Marriage is a risk like any other investment we make in life. The car you buy could be a lemon. You could be buying your house or your stocks on a bubble. You could get hit by a bus tomorrow. We all choose our levels of exposure to risk and the real shame is that more people don't look at the potential outcomes when they go into marriage instead of taking a more practical approach to the what-ifs.....


----------



## Mavash. (Jan 26, 2012)

I've been married for 21 years and we are happy. Took a lot of years to get to this happy place though so it's not been all roses and sunshine.

However if I were to get divorced I don't think I'd remarry. I'm middle aged, already have kids, and I just don't see the point at this stage in my life.


----------



## tm84 (Jul 24, 2011)

Viseral said:


> Yeah exactly. Has anyone here on TAM ever considered being married but living separately? Seems like it would be the best of both worlds to be married but be neighbors. That way it'd be easy to manage the kids and each parent could retreat to their own space a couple nights a week to have some alone time and maintain their sanity. You could be together as much or as little as you want. Also would cut down on the nagging/bickering about household stuff. Yet you could be together as much as you want as a family too.
> 
> Perhaps this is just a fantasy and all partnerships require sacrifice and compromise? Thoughts?


My wife works for a woman who has an arrangement like that with her husband, sans children. They live in separate homes around the corner from each other and this has worked for them for a number of years now. They each have very distinct living habits and needs and found maintaining separate homes easier than combining them.


----------



## galian84 (May 7, 2012)

Some great points posted here, both for and against marriage. To be honest, I was very much against marriage after witnessing what my family went through. Everybody in my family is either never married, divorced, in an unhappy marriage, or lead separate lives from their spouses. With the exception of my grandparents, who were together and happy until my grandfather passed away, and my youngest uncle, who has only been married for one year.

I pretty much had NO example of a good relationship, growing up. Then I read the statistics. I honestly didn't see the point of marriage.
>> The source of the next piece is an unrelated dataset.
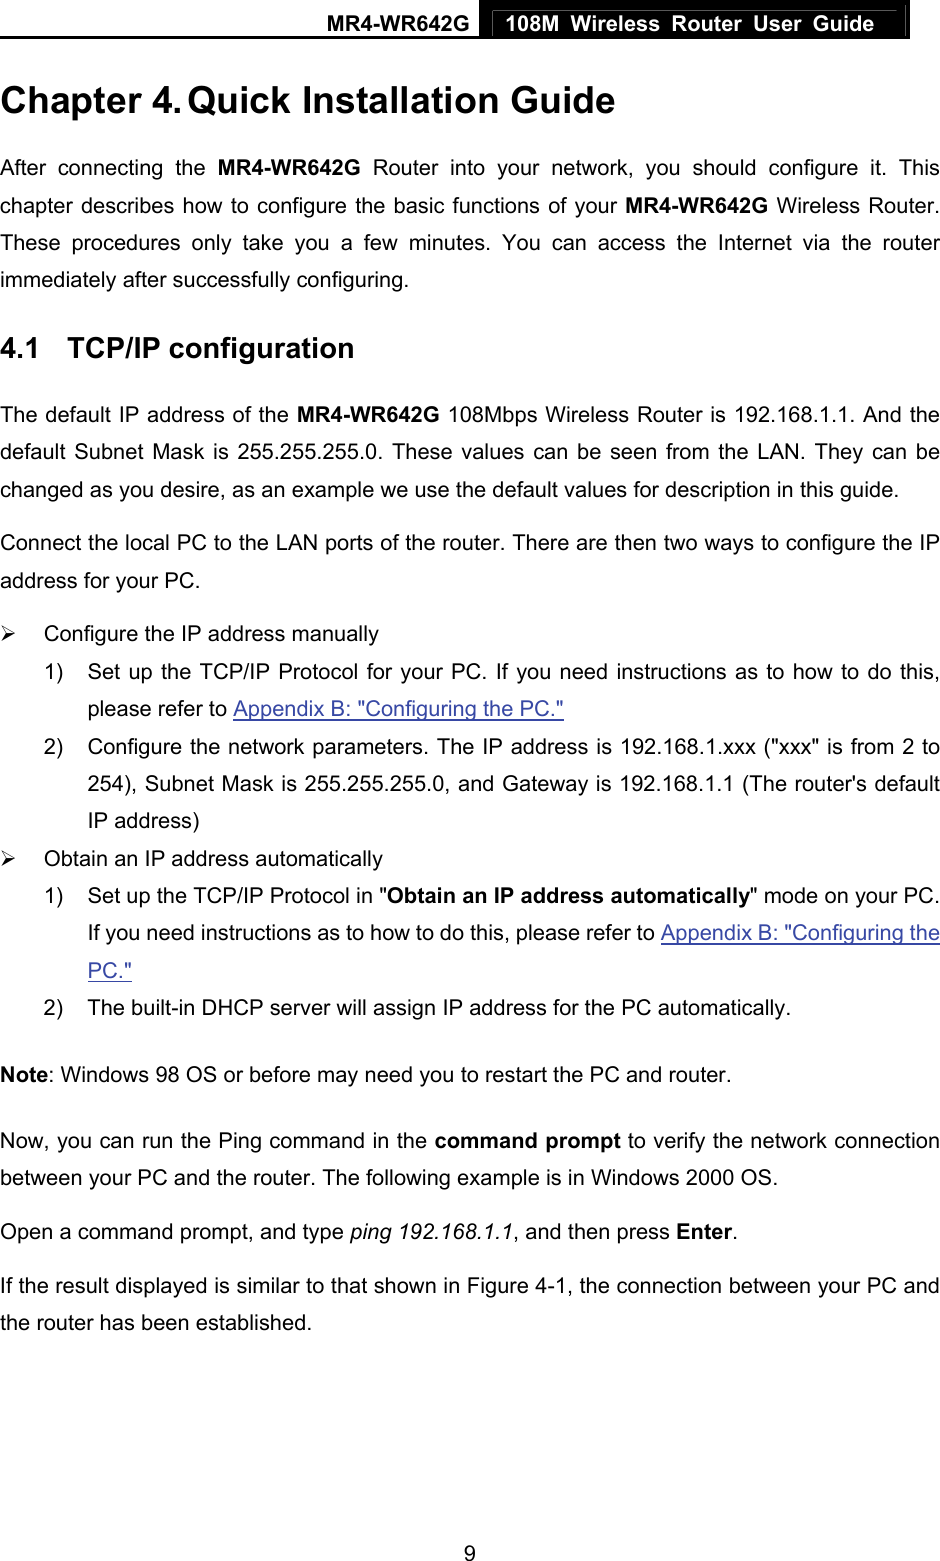 MR4-WR642G 108M Wireless Router User Guide   9Chapter 4. Quick Installation Guide After connecting the MR4-WR642G Router into your network, you should configure it. This chapter describes how to configure the basic functions of your MR4-WR642G Wireless Router. These procedures only take you a few minutes. You can access the Internet via the router immediately after successfully configuring. 4.1  TCP/IP configuration The default IP address of the MR4-WR642G 108Mbps Wireless Router is 192.168.1.1. And the default Subnet Mask is 255.255.255.0. These values can be seen from the LAN. They can be changed as you desire, as an example we use the default values for description in this guide. Connect the local PC to the LAN ports of the router. There are then two ways to configure the IP address for your PC. ¾  Configure the IP address manually 1)  Set up the TCP/IP Protocol for your PC. If you need instructions as to how to do this, please refer to Appendix B: &quot;Configuring the PC.&quot; 2)  Configure the network parameters. The IP address is 192.168.1.xxx (&quot;xxx&quot; is from 2 to 254), Subnet Mask is 255.255.255.0, and Gateway is 192.168.1.1 (The router&apos;s default IP address) ¾  Obtain an IP address automatically 1)  Set up the TCP/IP Protocol in &quot;Obtain an IP address automatically&quot; mode on your PC. If you need instructions as to how to do this, please refer to Appendix B: &quot;Configuring the PC.&quot; 2)  The built-in DHCP server will assign IP address for the PC automatically. Note: Windows 98 OS or before may need you to restart the PC and router. Now, you can run the Ping command in the command prompt to verify the network connection between your PC and the router. The following example is in Windows 2000 OS. Open a command prompt, and type ping 192.168.1.1, and then press Enter. If the result displayed is similar to that shown in Figure 4-1, the connection between your PC and the router has been established.   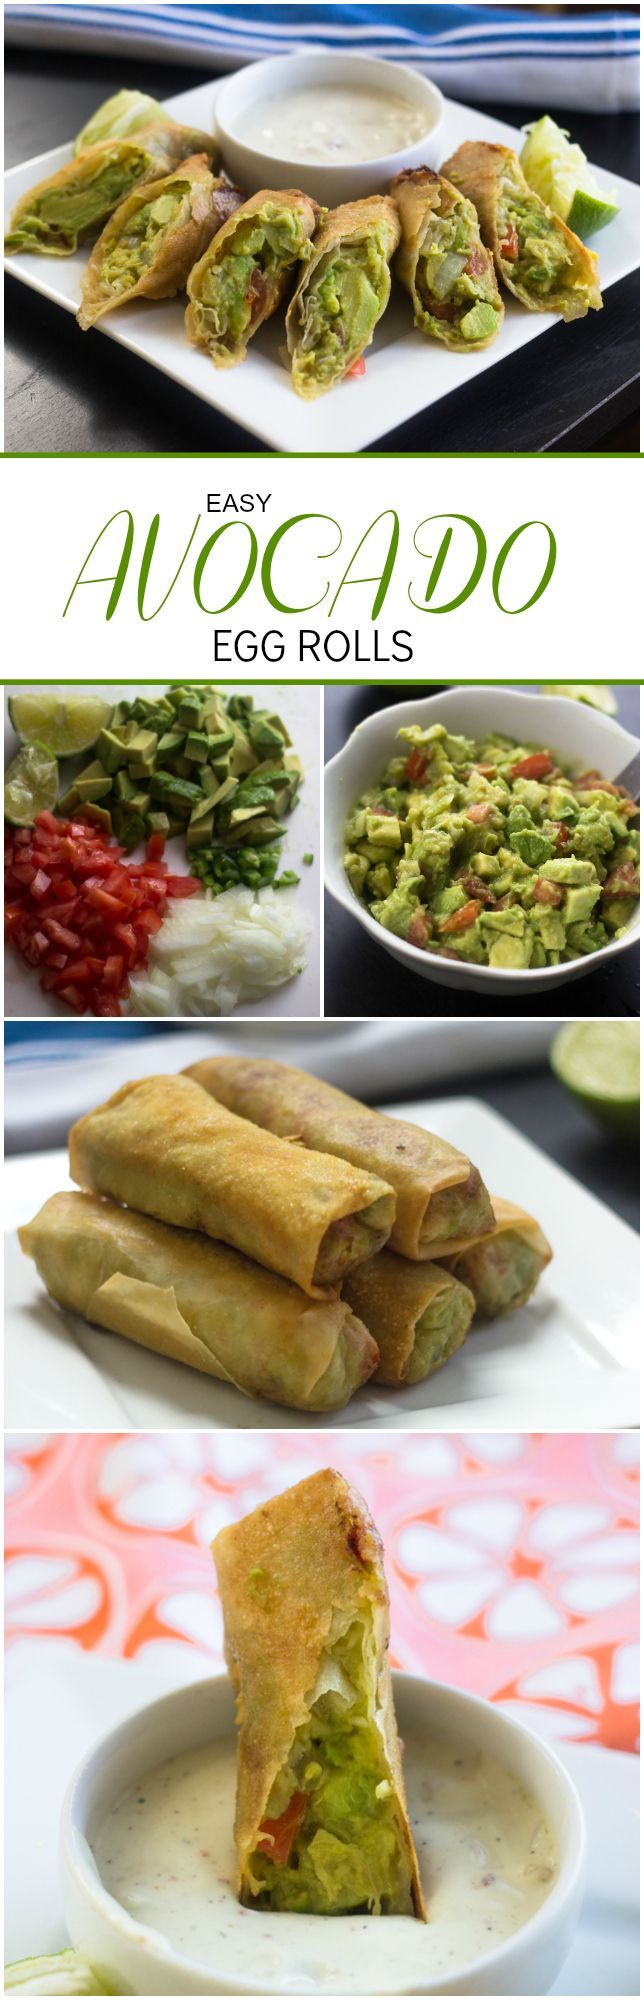 Easy Avocado Egg Rolls just like the cheesecake factory except 1000x better!!

In contrast, my current boyfriend is divorced, but his parents stayed together and loved each other until his father passed away from an illness. His sister has been happily married for 15 years. His cousins, aunts and uncles have all found happiness, many of them staying married for over 40-50 years, and his cousins remarrying even if they have been divorced. His oldest sister is divorced as well but has a long-term live in boyfriend.

Despite all my negative experiences, I still believe in marriage. I believe it will be hard work, but the payoff is more than worth it. I did read about the spouses keeping separate apartments, however, I do believe marriage is about unity, BUT, both partners have to be willing to give each other space when needed. Both my boyfriend and I both agree on spending 80% of our free time together and 20% apart, whether it be with friends, family, or just alone. But hey, whatever works for the couple 

I want to get married because I want somebody to spend the rest of my life with, somebody who will support me in all my decisions, be my partner in life, be there for me, and who will go through all of life's challenges with me. And a small part, for the recognition by society. 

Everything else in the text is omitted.